Bulls fans remember April 28, 2012, like they remember the day they learned Santa Clause was not real. It was the day that the championship hopes, once vibrant and alive, collapsed in a heap on the ground, clutching its left knee.

In the final two minutes of an already-decided playoff game between the top seeded Bulls and the eighth-seeded 76ers, Derrick Rose, the best athlete in Chicago since Michael Jordan, drove the lane, did his trademark jump step, leaped in the air flailing about, passed the bull to Kyle Korver, then folded on the ground towards the baseline. Rose had had countless minor injuries all season, which caused him to miss about a third of the Bulls games all year, but now supposedly he was back and better than ever, except, of course, for the ACL that he had just torn. It ended the Bulls season. They would push the series against the inferior 76ers to six games, but they would become only the fourth top seed in NBA history to lose in the first round of the playoffs.

All the fingers immediately pointed to the coach, Tom Thibodeau. He should not have been in the game at that point, they said. And just like the year before, fans, media, coaches alike, questioned Thibodeau’s psychology.  In 2011, the Bulls again had the best record in the NBA and had beaten the star-powered Miami Heat three times out of three in the regular season. Yet, when the Eastern Conference Finals rolled around, Miami dispatched of the Bulls in five games. The team’s role players like Luol Deng and Joakim Noah looked slow and worn out, and Derrick Rose was ineffective, and for the first time, Thibodeau’s strategy was not fully supported.

Tom Thibodeau is widely regarded as the best defensive mind in the NBA. When he was an assistant in Boston under Doc Rivers, the Celtics were always among the league’s best in points allowed. After the Bulls fired Vinny del Negro in 2010, Thibs, as he is affectionately referred to, was the front-runner for the job from the beginning. And his defensive reputation followed him, as the Bulls were atop the NBA defensively in each of his first two seasons as head coach. His record reflected this, as well, because the Bulls were the NBA’s top team in those two years.

However, players often dealt with nagging injuries that they would always choose to play through. Joakim Noah had plantar fasciitis. Luol Deng had bone chips in his wrist. Carlos Boozer had a calf. Derrick Rose had an ankle. But they would always play through it. Whether it was the players’ own personal prerogative or the culture pressed on them by Tom Thibodeau is not clear, but one thing is perfectly clear: Thibs wants, and needs, to win every single game, regular season, postseason, preseason.

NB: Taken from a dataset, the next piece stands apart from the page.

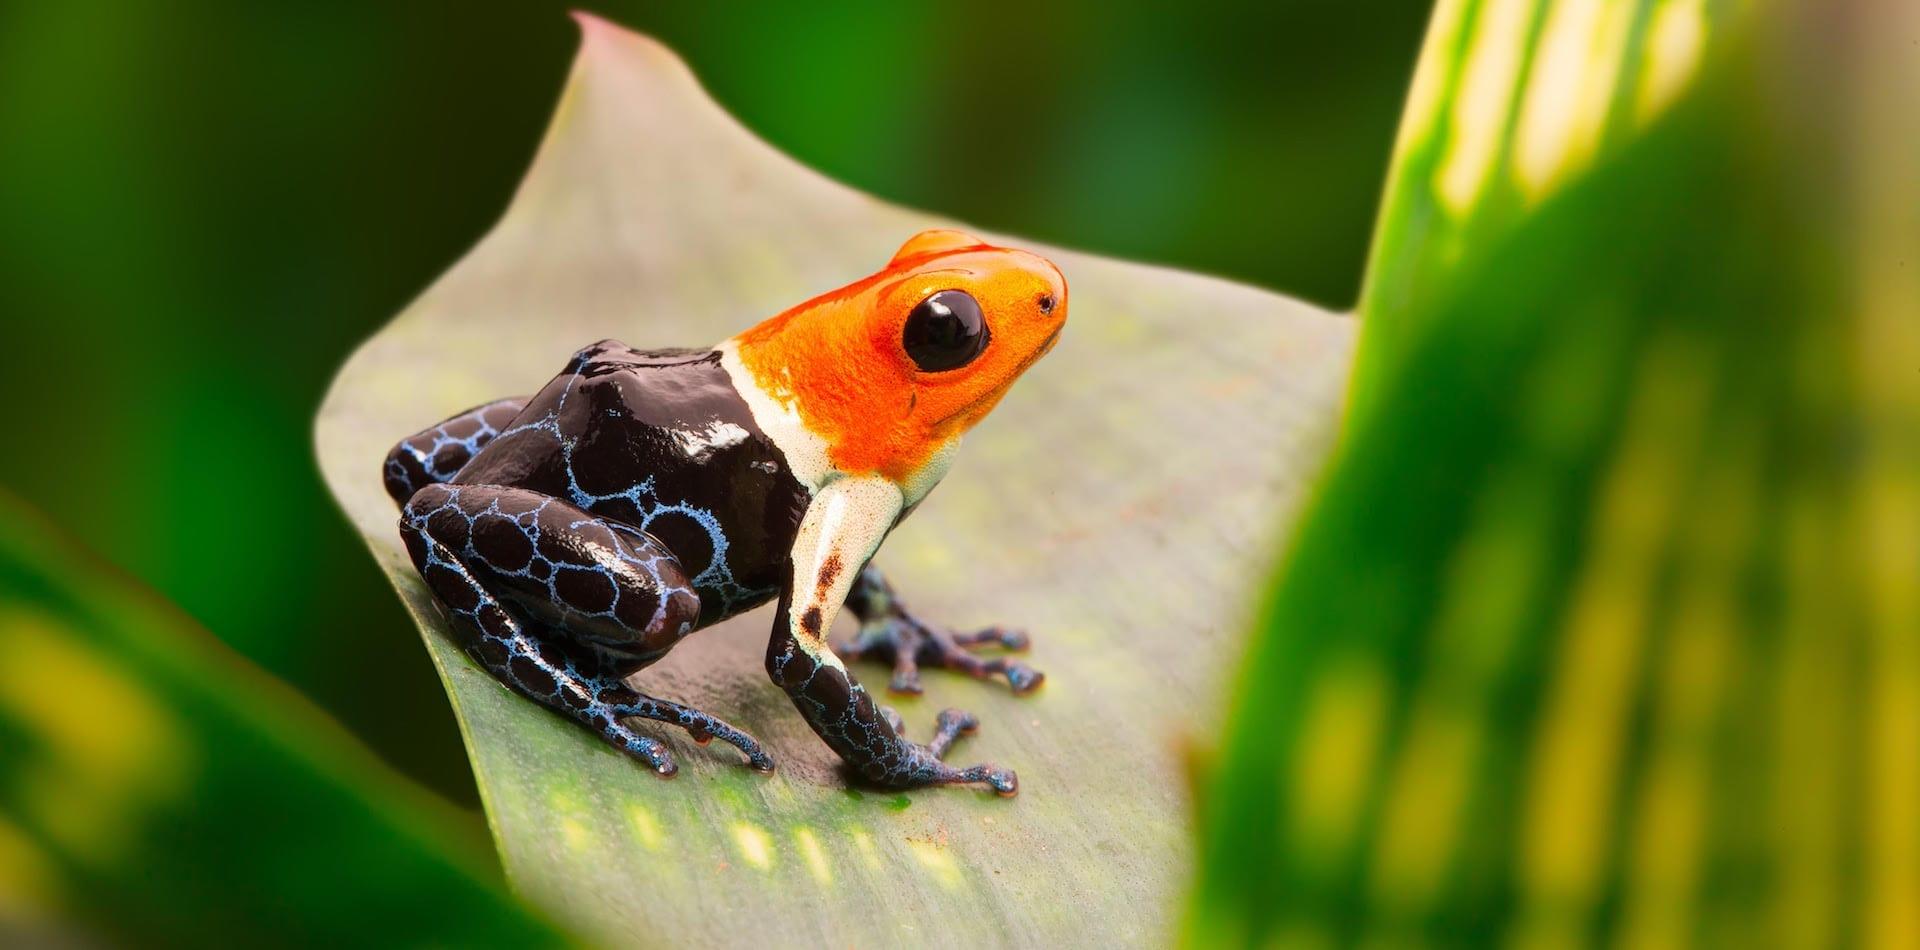 Hero Image Poison Dart Frog in the Peruvian Amazon

This is often the only criticism that befalls the brilliant coach. Bulls fans had not seen a coach of the year in Chicago since Phil Jackson in 1996, but Thibs brought one home in 2011. Fans love his vein-pulsing screaming and his perpetual pacing on the sidelines. They love that he has never married and dedicates every second of his life to basketball. But they could do without seeing their star center limping up and down the court. Noah and Deng have been among the league leaders in minutes in each of the last three seasons, despite the nagging injuries, some of which have required surgery.

The obvious reason for Thibs’ stubbornness is his love of defense. He plays guys who he trusts in that regard, and Jimmy Butler, Noah, and Deng are three of the best defensive players in the game today. He plays rookies little more than garbage time because of this lack of trust. He develops the rookies well in practice—see Jimmy Butler and Taj Gibson—but he will rarely let them sniff the court. Thibs uses what is essentially a seven man rotation to play forty-eight minutes of basketball, and this is–at minimum–taxing on the players, if not detrimental to future performance.

Thibs’ harshest critics point to another successful coach, San Antonio’s Gregg Popovich, as an example of how to use his players as humans playing basketball, rather than robots. Last season, in a throwaway game in December against Miami, Popovich held out his three stars in order to rest them for the long haul. The league had planned on this being a prime game, since the Spurs and the Heat were two of the league’s best. The Spurs were fined $250,000 for this, but Popovich did not mind too much, since the Spurs lasted the grind of the season and went to the NBA finals. If more proof is needed that Pop’s style works, just look at the four titles he has won since the Bulls won their last one in 1998.

As we head into a new season, one that returns Derrick Rose after his long layoff from ACL surgery, the Bulls are expected as a favorite to win it all this year. With Deng’s wrist still nagging him, Noah’s plantar still full of fasciitis, and Rose essentially still rehabbing, minutes of the team’s three best players will be under a very large microscope. No one wants him to go back on his drill sergeant style, but no one wants another season full of limping and soreness and another playoff loss to Miami. Thibs will more than likely look to his bench a little more, particularly veterans like Kirk Hinrich and Mike Dunleavy, and chances are rookie Tony Snell will get more playing time than Marquis Teague did as a rookie last year. He may drop a game or two down the stretch because of it, but with fresh legs from the league’s best defensive squad, maybe that never-present smile will appear when the Bulls finally get over the Miami hump come May.